======== Working data ========

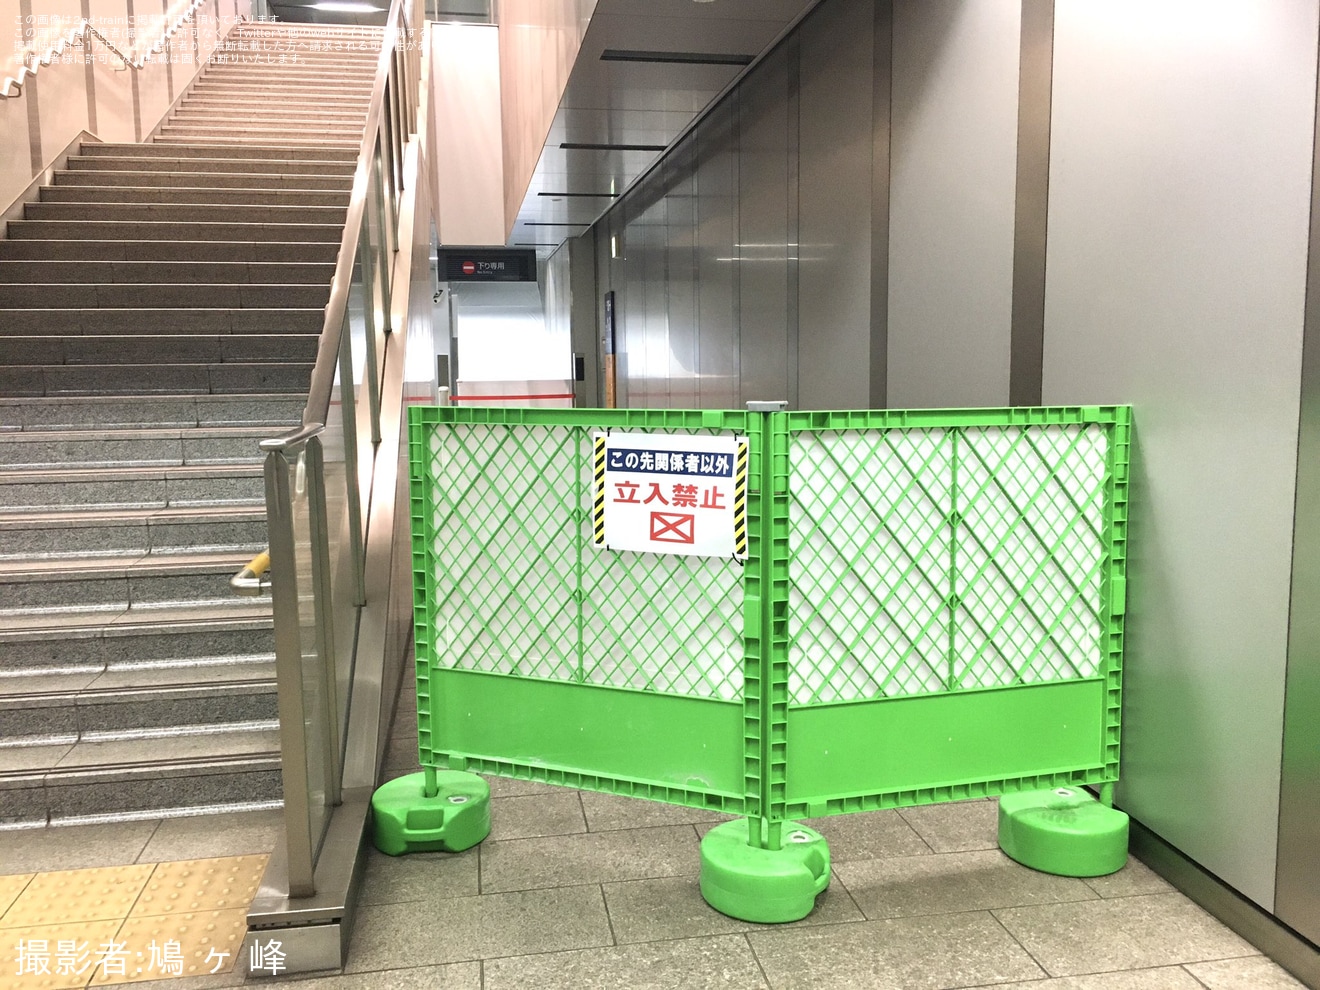 【京阪】なにわ橋駅の下りエスカレーターが使用終了の拡大写真
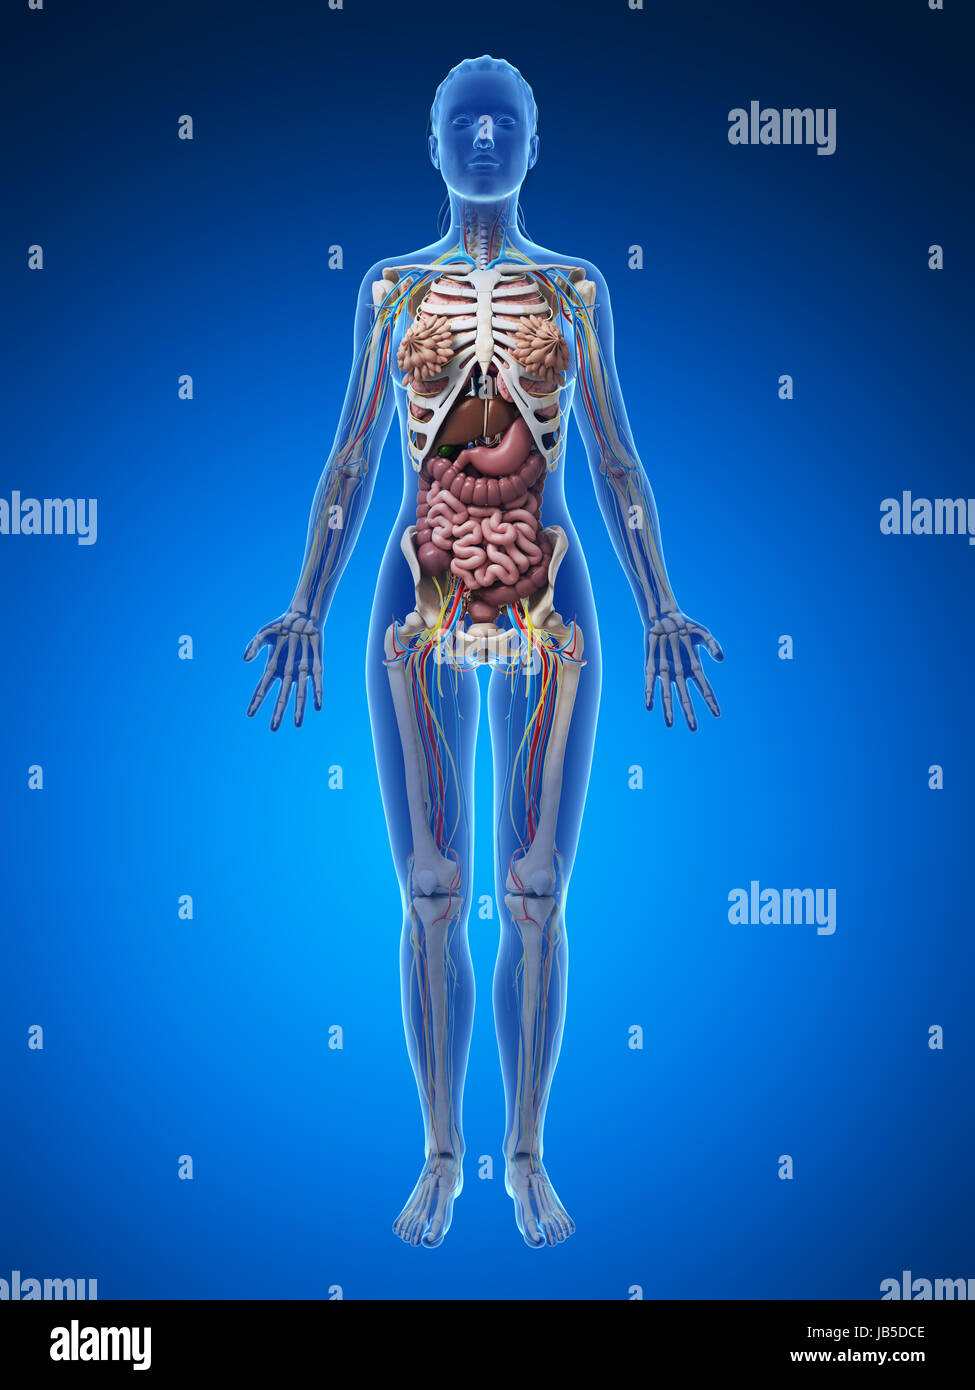 Female Body Diagram - Inside Female Human Body | Body organs diagram
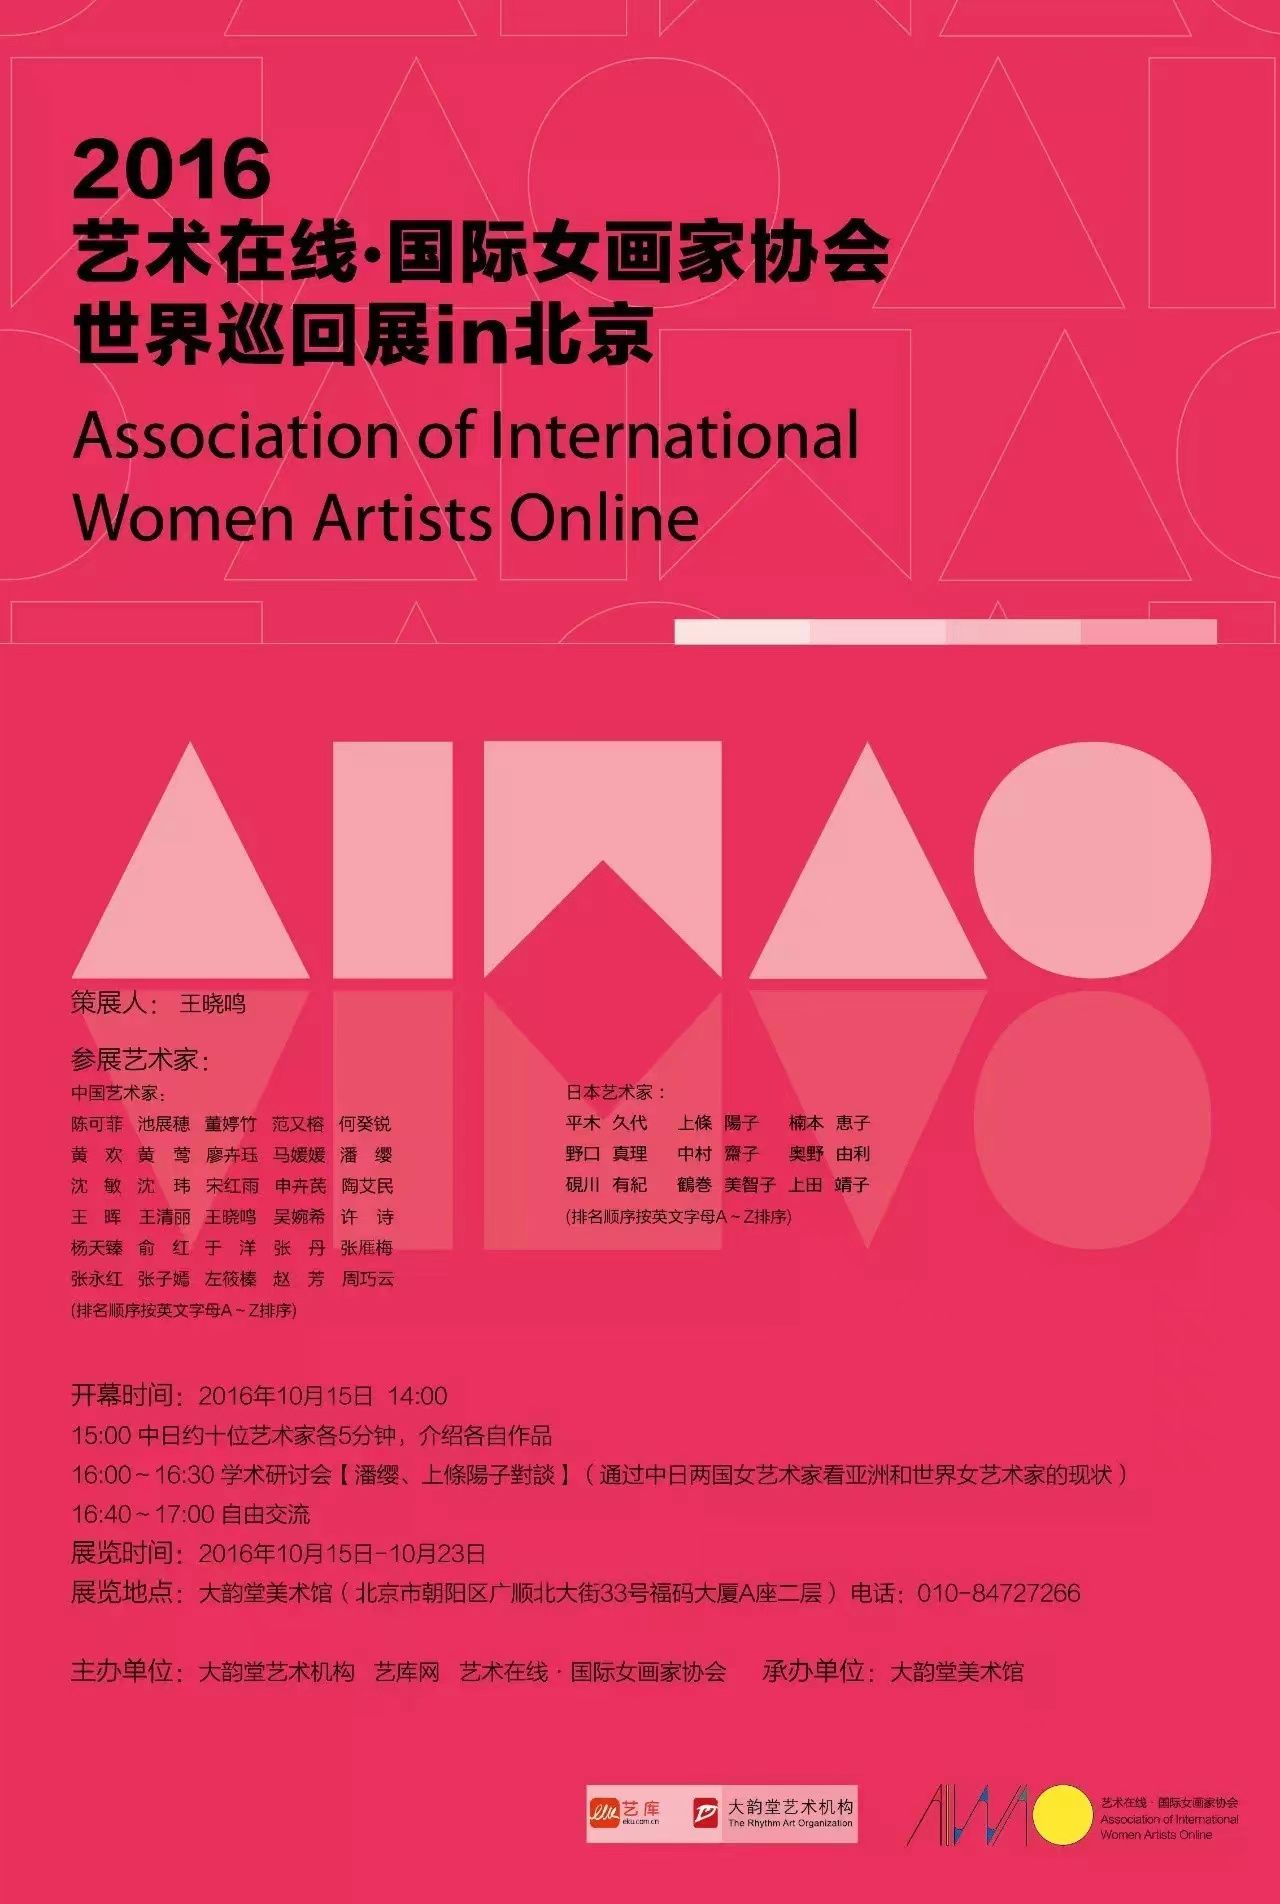 2016年 艺术在线·国际女画家协会 世界巡回展in北京
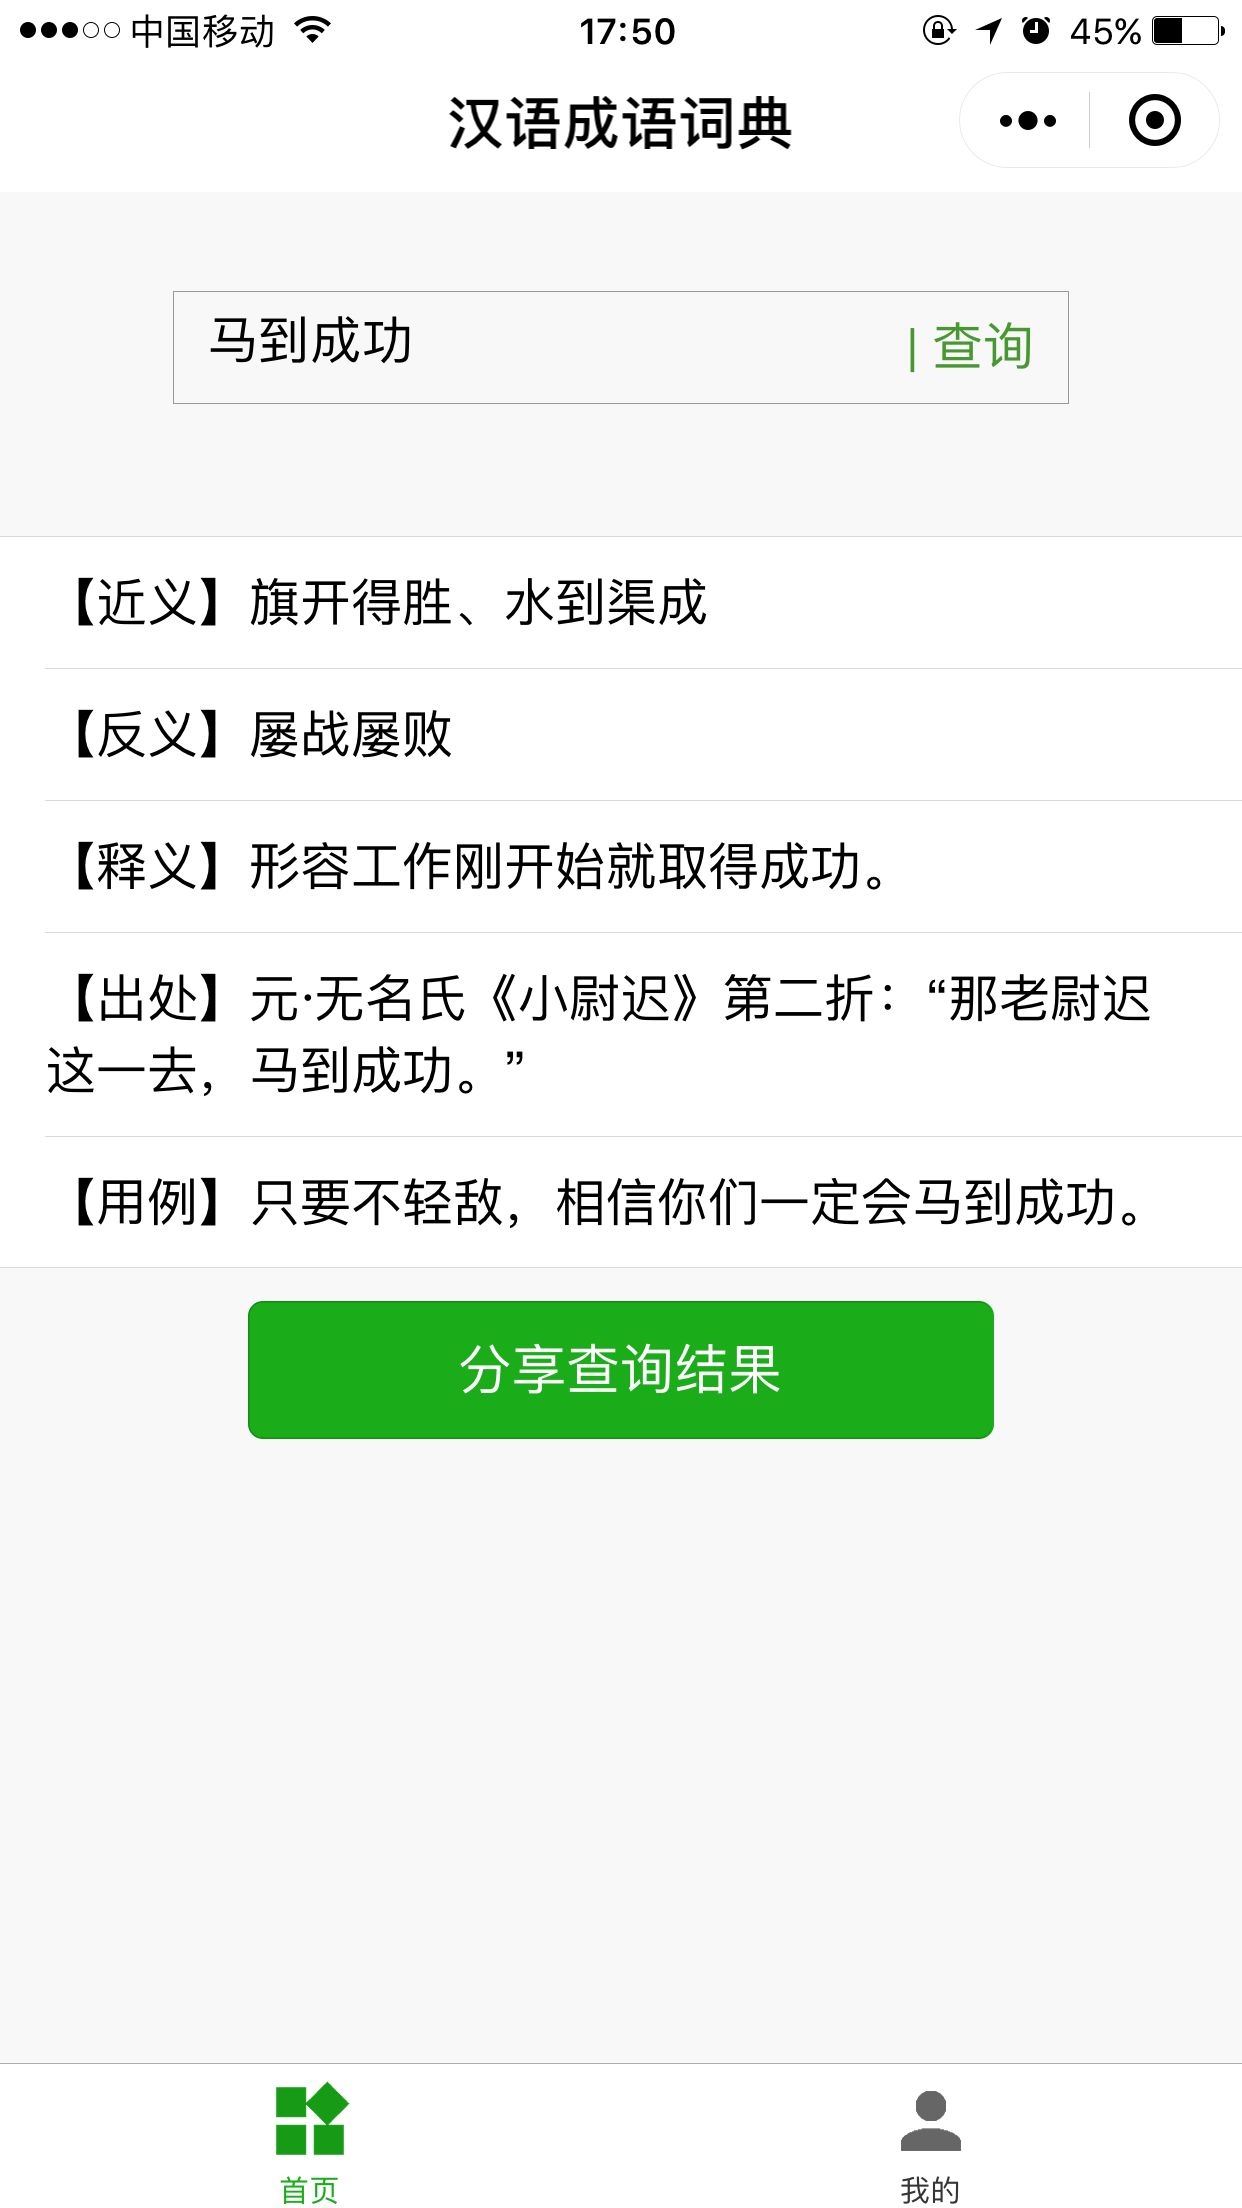 汉语成语词典_汉语成语词典小程序_汉语成语词典微信小程序
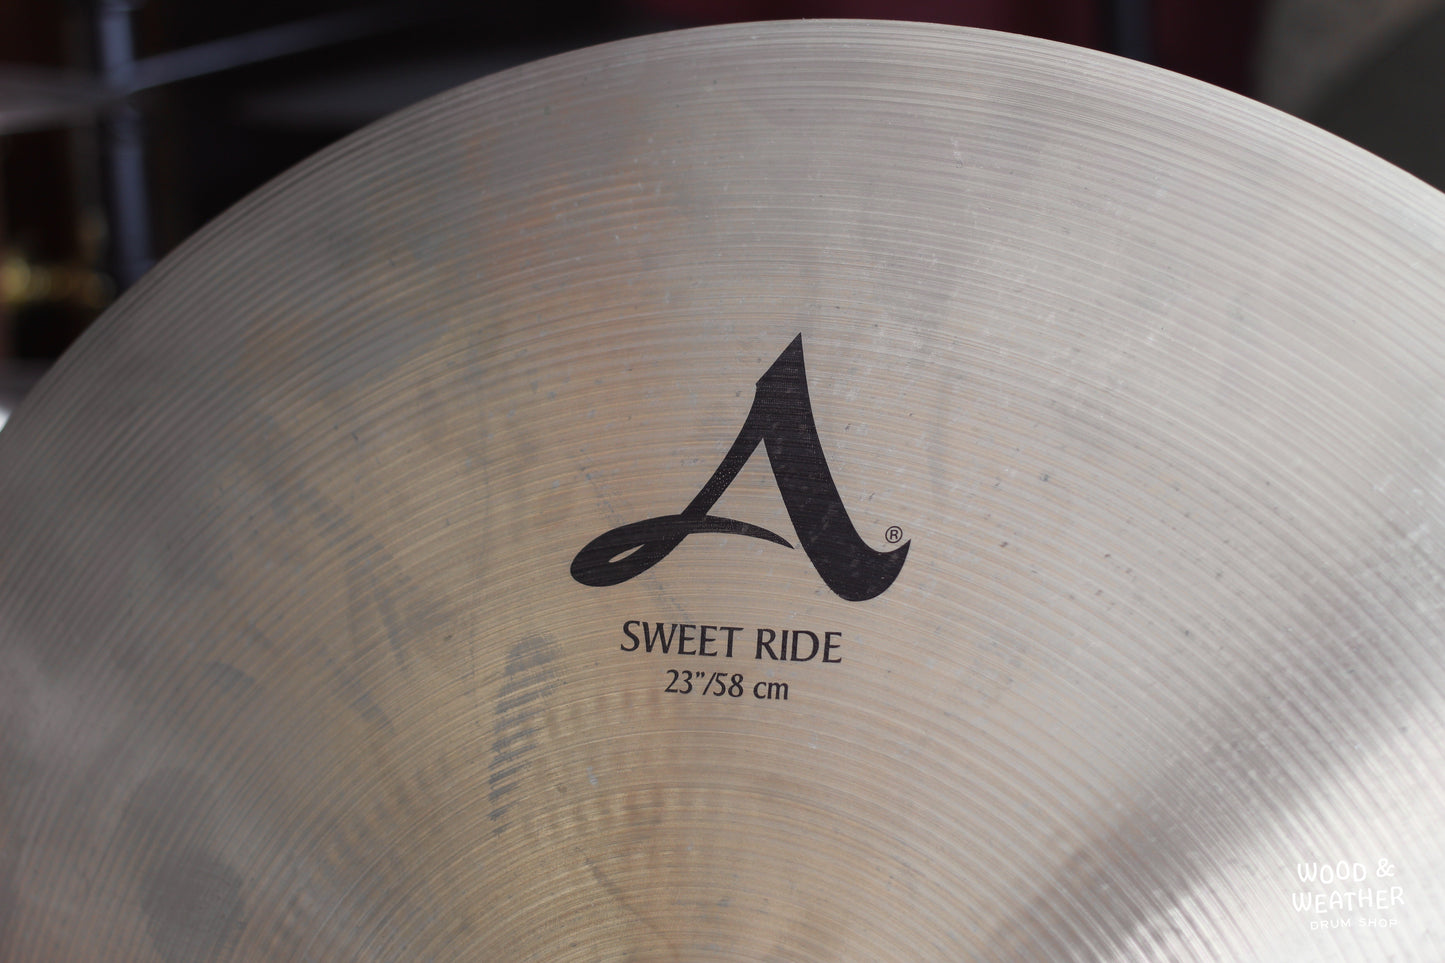 Used Zildjian 23" A Sweet Ride Cymbal 2970g

========

All of the entries above must be reproduced exactly, and no image may be included.

### Problem solution
 【京阪】なにわ橋駅の下りエスカレーターが使用終了の拡大写真
 Female Body Diagram - Inside Female Human Body | Body organs diagram
 2016年 艺术在线·国际女画家协会 世界巡回展in北京
 汉语成语词典_汉语成语词典小程序_汉语成语词典微信小程序
 Used Zildjian 23" A Sweet Ride Cymbal 2970g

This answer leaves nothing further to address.